The report specifically details one health official within the Department of Correction warning that Polanco had no business being thrown into restrictive housing considering the status of her health.

“Even though on May 24 a CHS (Correctional Health Services) psychiatrist had refused to ‘clear’ Ms. Polanco for PSEG/ RHU placement on account of her seizure history, on May 29, another Mental Health clinician reviewed her medical chart and authorized her placement into the RHU, pending ‘medical clearance,’” the report stated. “The next morning, on May 30, a CHS medical doctor notified DOC that Ms. Polanco had ‘been cleared.’”

Among other findings in the report, Polanco’s gender identity appeared to play a significant role in the way officials at Rikers handled her housing placement.

“DOC’s determination not to house a transgender woman in general population housing areas for cisgender women in May 2019 resulted in increased pressure to place Ms. Polanco in the RHU — a Unit unsuitable to manage both her medical and mental health needs,” the report stated.

In response to the findings, the board issued a total of more than two dozen recommendations to both the DOC and Correctional Health Services. The board asked the DOC to create a firm action plan regarding how to address interpersonal conflict in units housing transgender individuals, articulate all medical information to proper officials, ensure that guards make rounds every 15 minutes, and more.

“The Board takes seriously its obligation to thoroughly examine deaths in custody to identify systemic failures where they exist and make recommendations concerning DOC and CHS policies and practices,” the board wrote in conclusion. “It is our hope that DOC, CHS, and the public can learn from our review of Ms. Polanco’s death, and that the agencies will implement our recommendations to address systemic issues and prevent future deaths.”

David Shanies, an attorney who has represented Polanco’s family since her death and is spearheading a federal civil rights lawsuit on behalf of the family, said on Twitter that the report “lays bare the many ways our city’s jail system failed Layleen and killed her.”

“Treat trans women as women,” Shanies wrote. “Don’t put sick people in solitary. Don’t ignore your prisoners and laugh at their dead bodies. We hope this will spark much-needed change.”

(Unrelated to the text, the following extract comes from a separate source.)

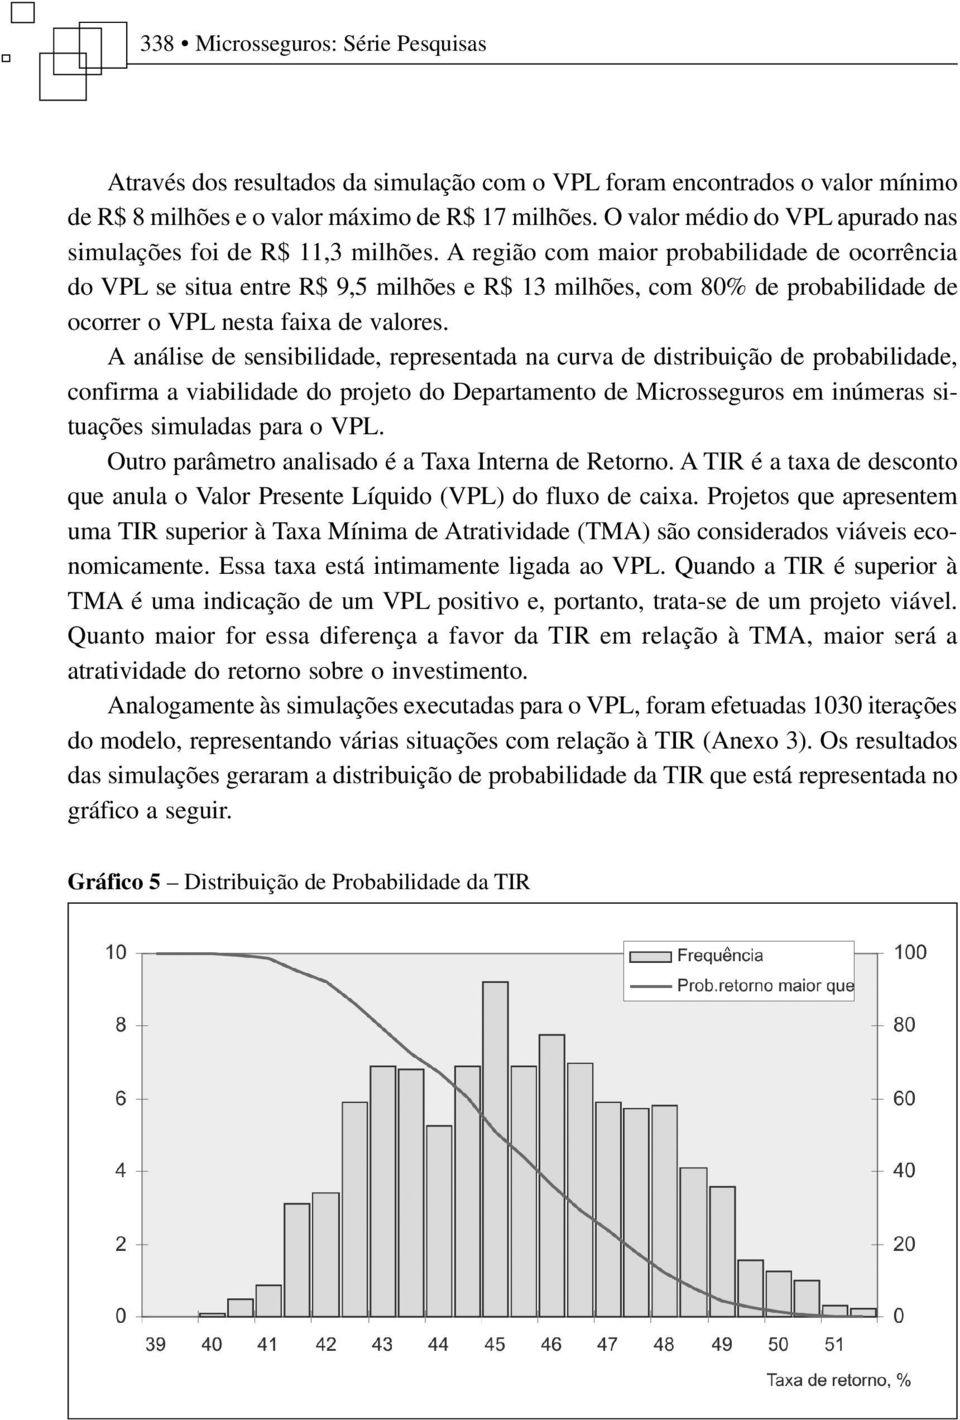 A região com maior probabilidade de ocorrência do VPL se situa entre R$ 9,5 milhões e R$ 13 milhões, com 80% de probabilidade de ocorrer o VPL nesta faixa de valores.
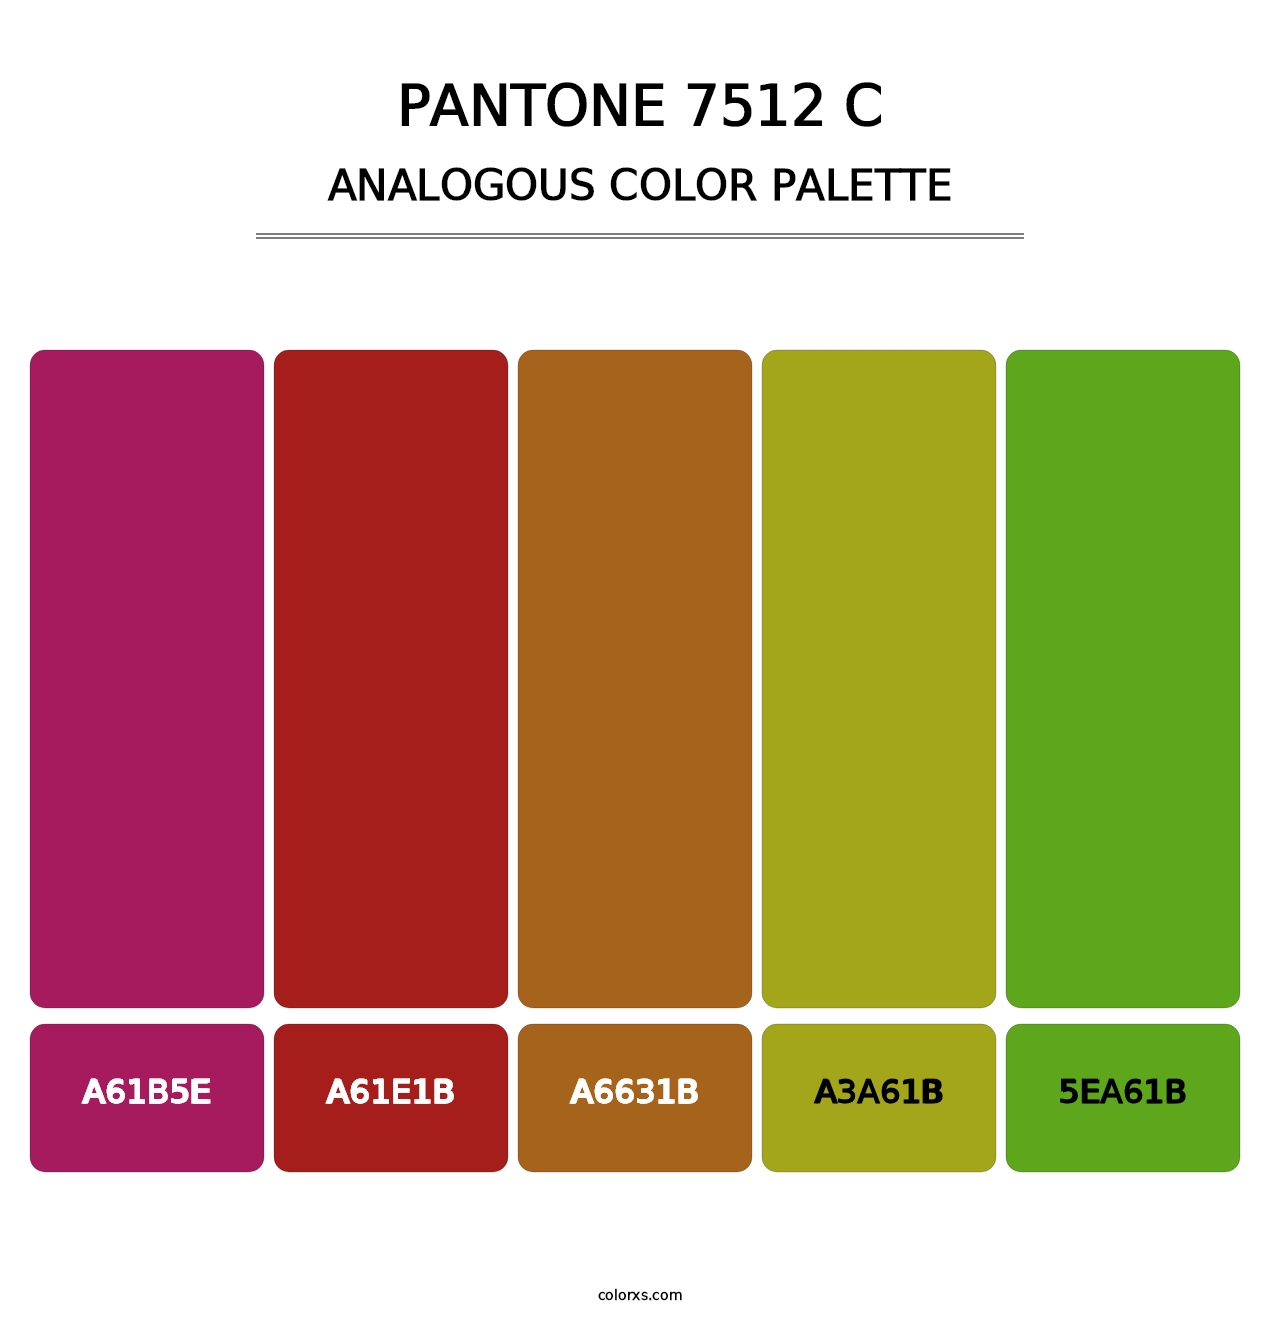 PANTONE 7512 C - Analogous Color Palette

In addition to de Blasio, Brann, Warren, and Ocasio-Cortez, other city leaders also reacted with anger to the findings laid out in the report. Public Advocate Jumaane Williams said that while the report outlined necessary changes for the future, it did not provide justice for Polanco.

“Layleen Planco deserved justice,” Williams said in a written statement. “She deserved respect. She deserved to live. All of that was taken from her. The Board’s report shows negligence, abuse, and blatant disregard for policy, but we need true accountability. I am glad that the Board of Correction recognizes that the system that killed Layleen Polanco… a system that could allow her to lose her life, alone, is one that needs to be transformed.

Williams continued, “I believe it needs to be upended. The Department of Corrections and Correctional Health Services should adopt these common sense recommendations, but that alone is not enough. It is past time that we abolish solitary confinement in New York City once and for all.”

The report was released just weeks after Bronx District Attorney Darcel Clark completed a six-month probe into Polanco’s death and concluded that she would not pursue criminal charges. Clark deadnamed Polanco in that release and only apologized after she was bombarded with criticism.